WORK ORDER – As soon as the line containing "As we say during" appears, start repeating lines exactly and continue to the end of the entries; please skip pictures.

Collection entries –
────────
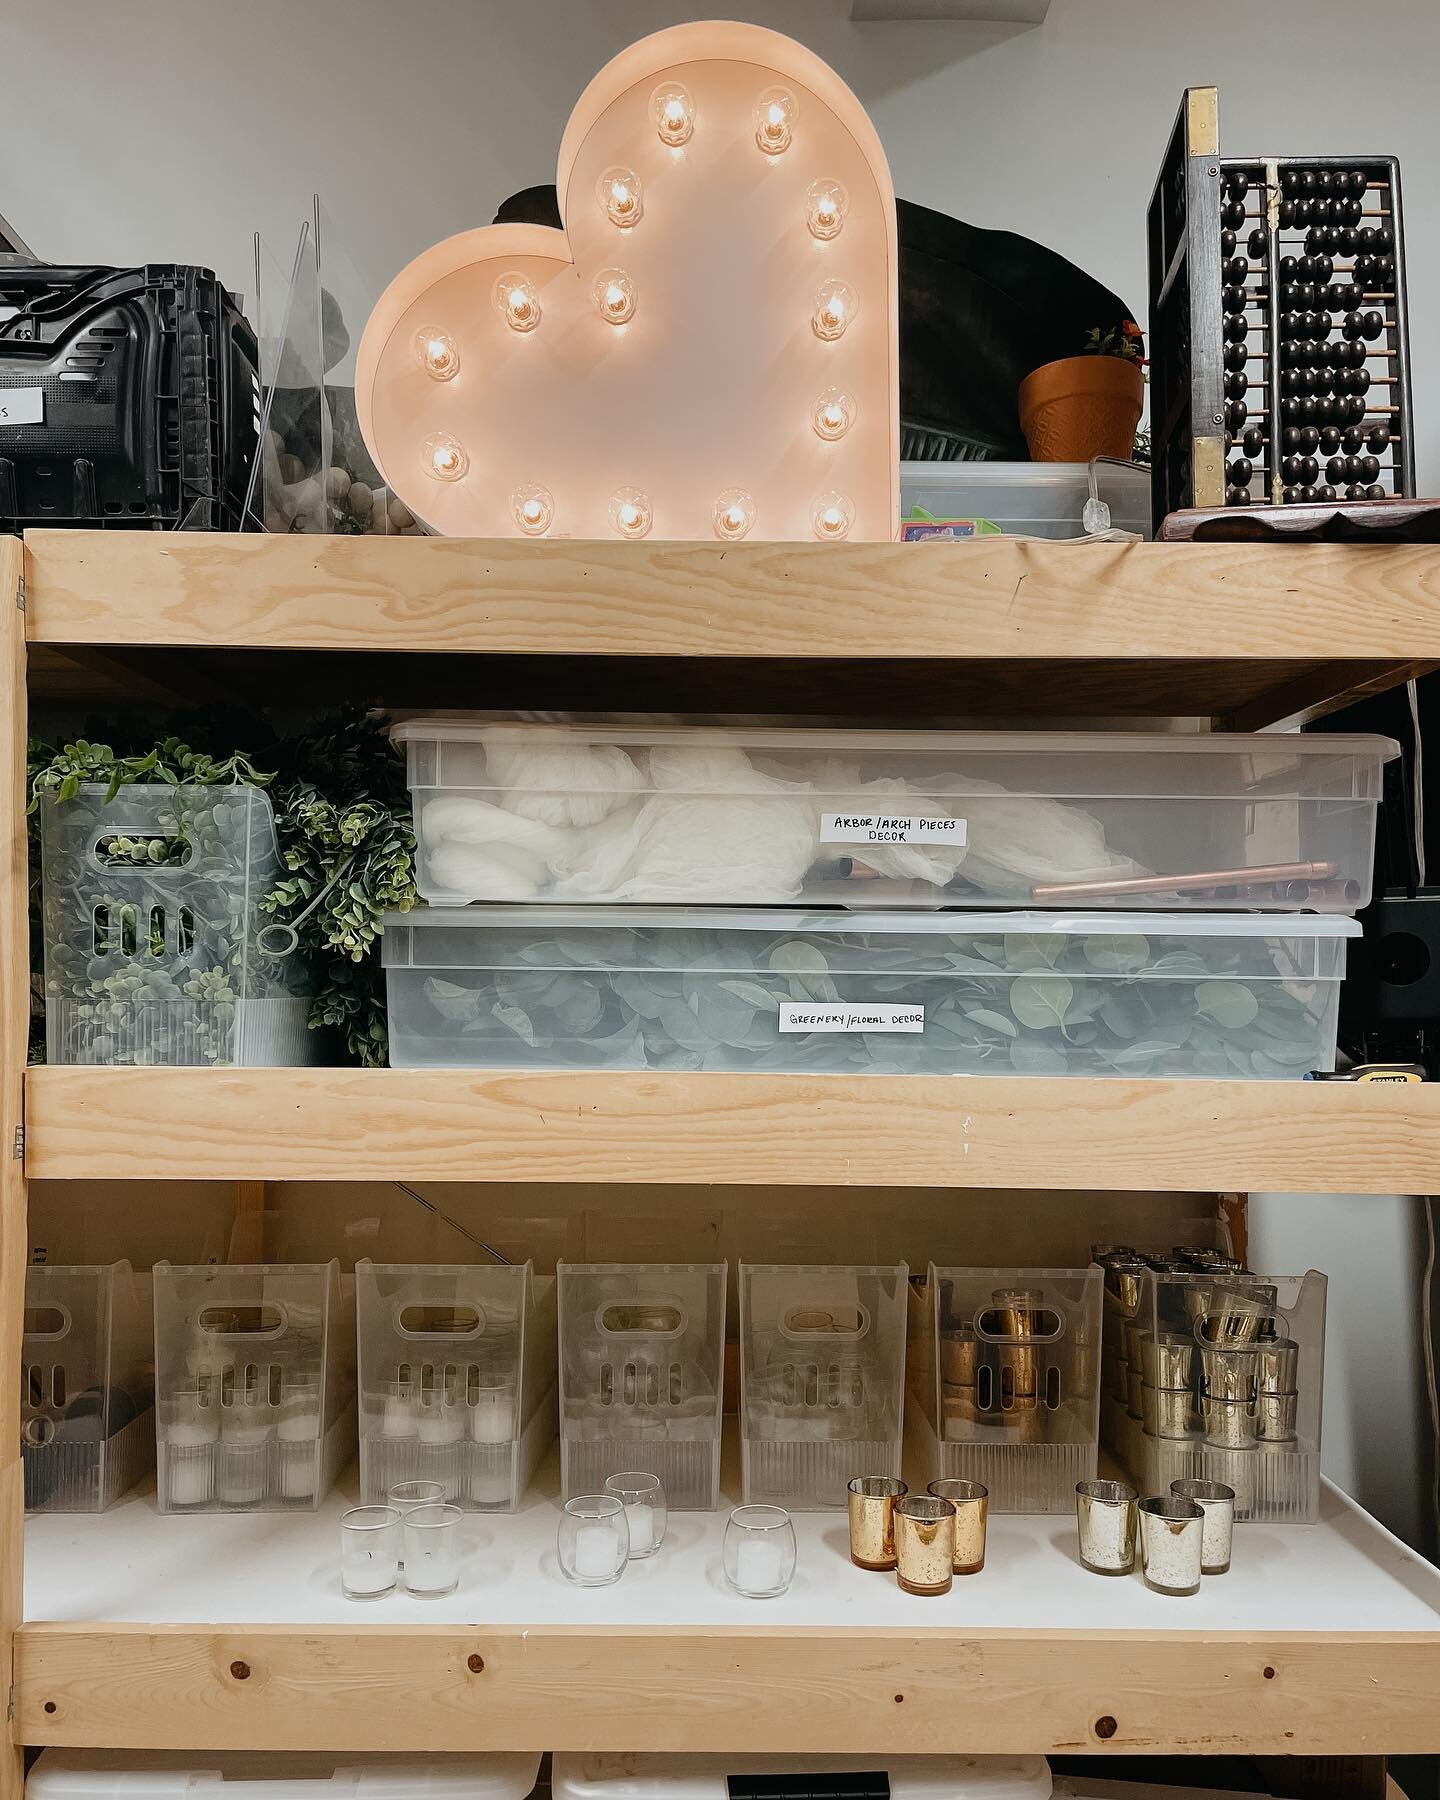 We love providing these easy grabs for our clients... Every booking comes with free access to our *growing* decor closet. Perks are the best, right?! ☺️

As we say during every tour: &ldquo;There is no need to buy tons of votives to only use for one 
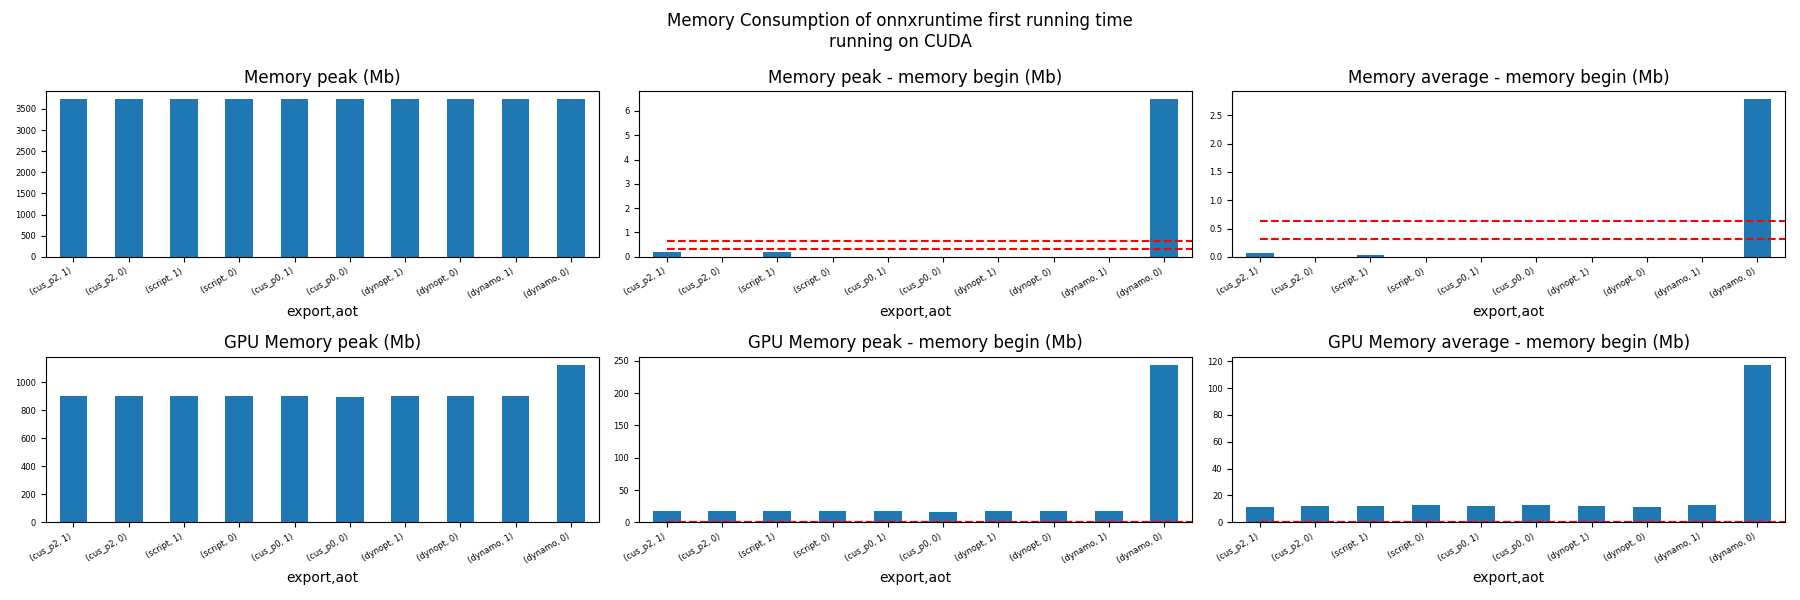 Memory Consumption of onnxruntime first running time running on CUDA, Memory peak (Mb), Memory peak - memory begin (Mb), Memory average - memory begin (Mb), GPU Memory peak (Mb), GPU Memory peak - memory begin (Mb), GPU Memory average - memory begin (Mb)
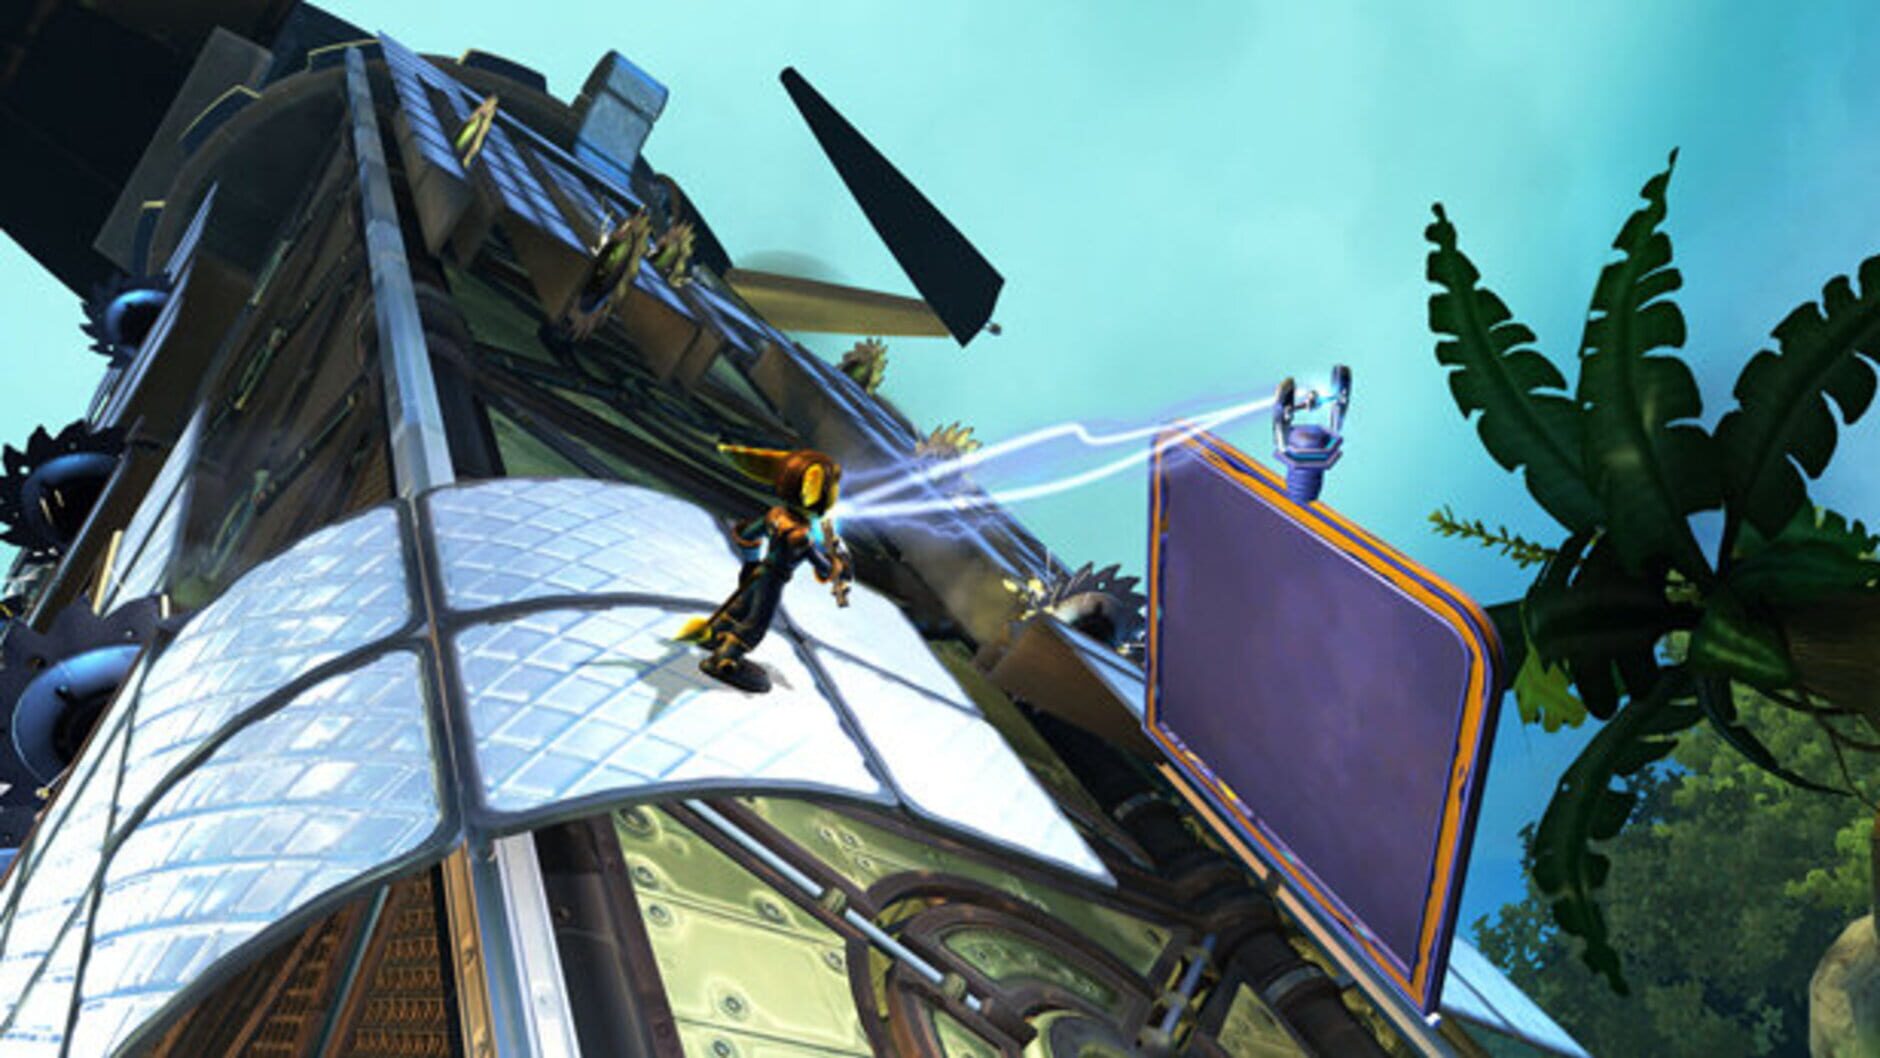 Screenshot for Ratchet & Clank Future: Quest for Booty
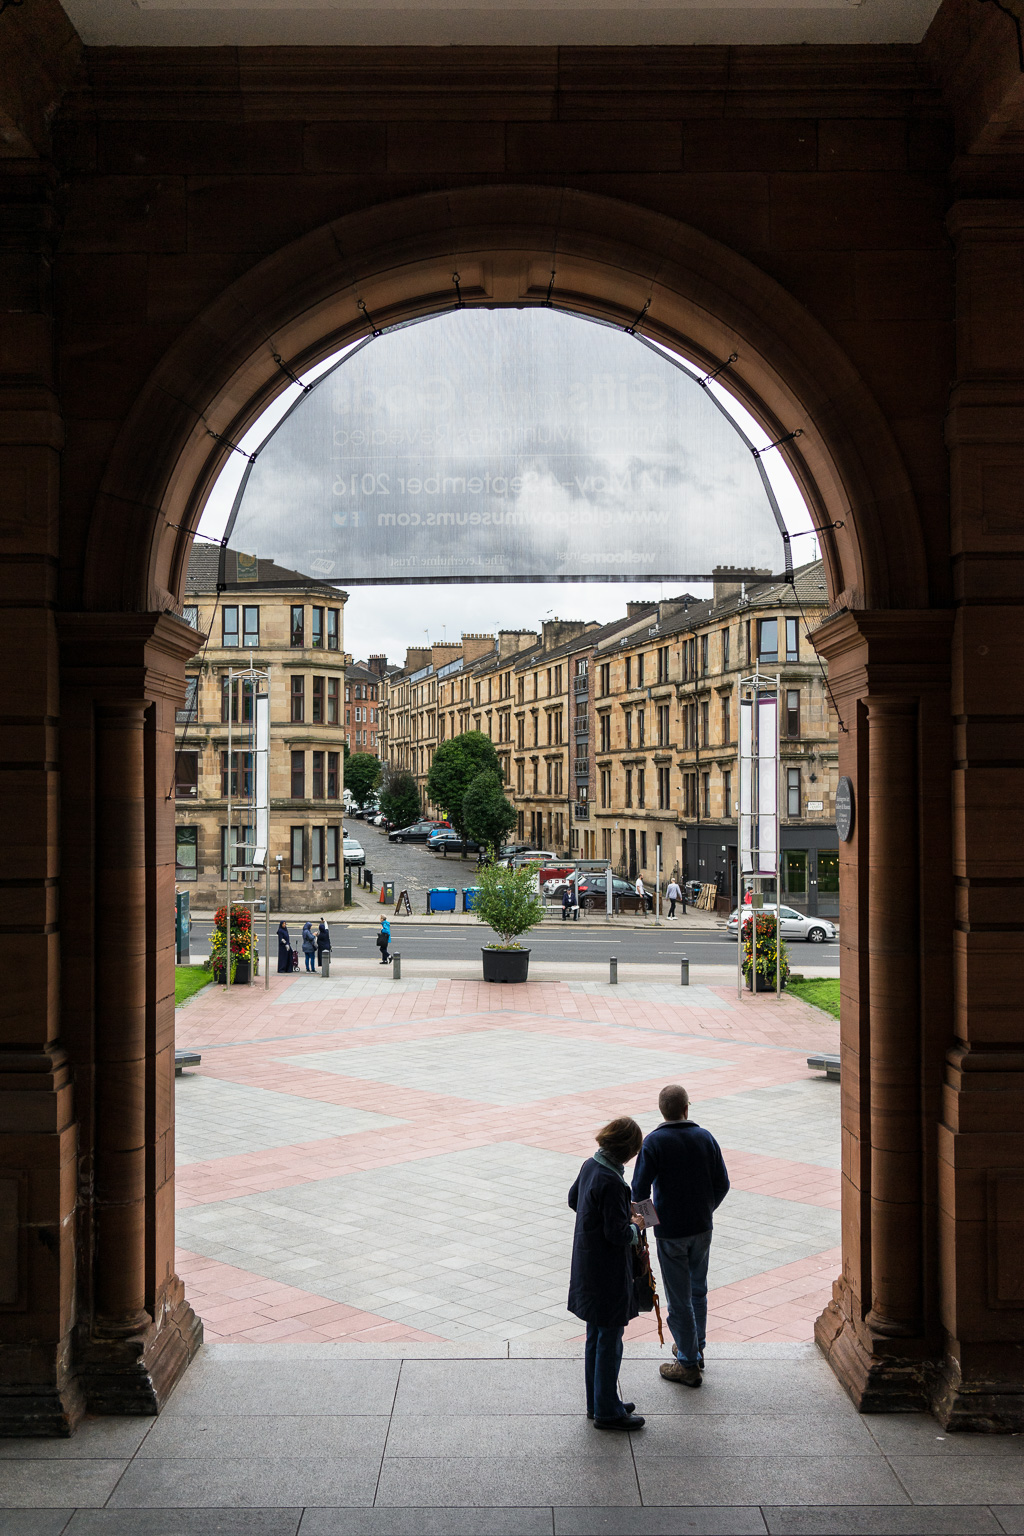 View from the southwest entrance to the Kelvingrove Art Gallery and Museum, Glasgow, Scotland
────────
ANSWER BOX –
As we say during every tour: &ldquo;There is no need to buy tons of votives to only use for one 
 Memory Consumption of onnxruntime first running time running on CUDA, Memory peak (Mb), Memory peak - memory begin (Mb), Memory average - memory begin (Mb), GPU Memory peak (Mb), GPU Memory peak - memory begin (Mb), GPU Memory average - memory begin (Mb)
 Screenshot for Ratchet & Clank Future: Quest for Booty
 View from the southwest entrance to the Kelvingrove Art Gallery and Museum, Glasgow, Scotland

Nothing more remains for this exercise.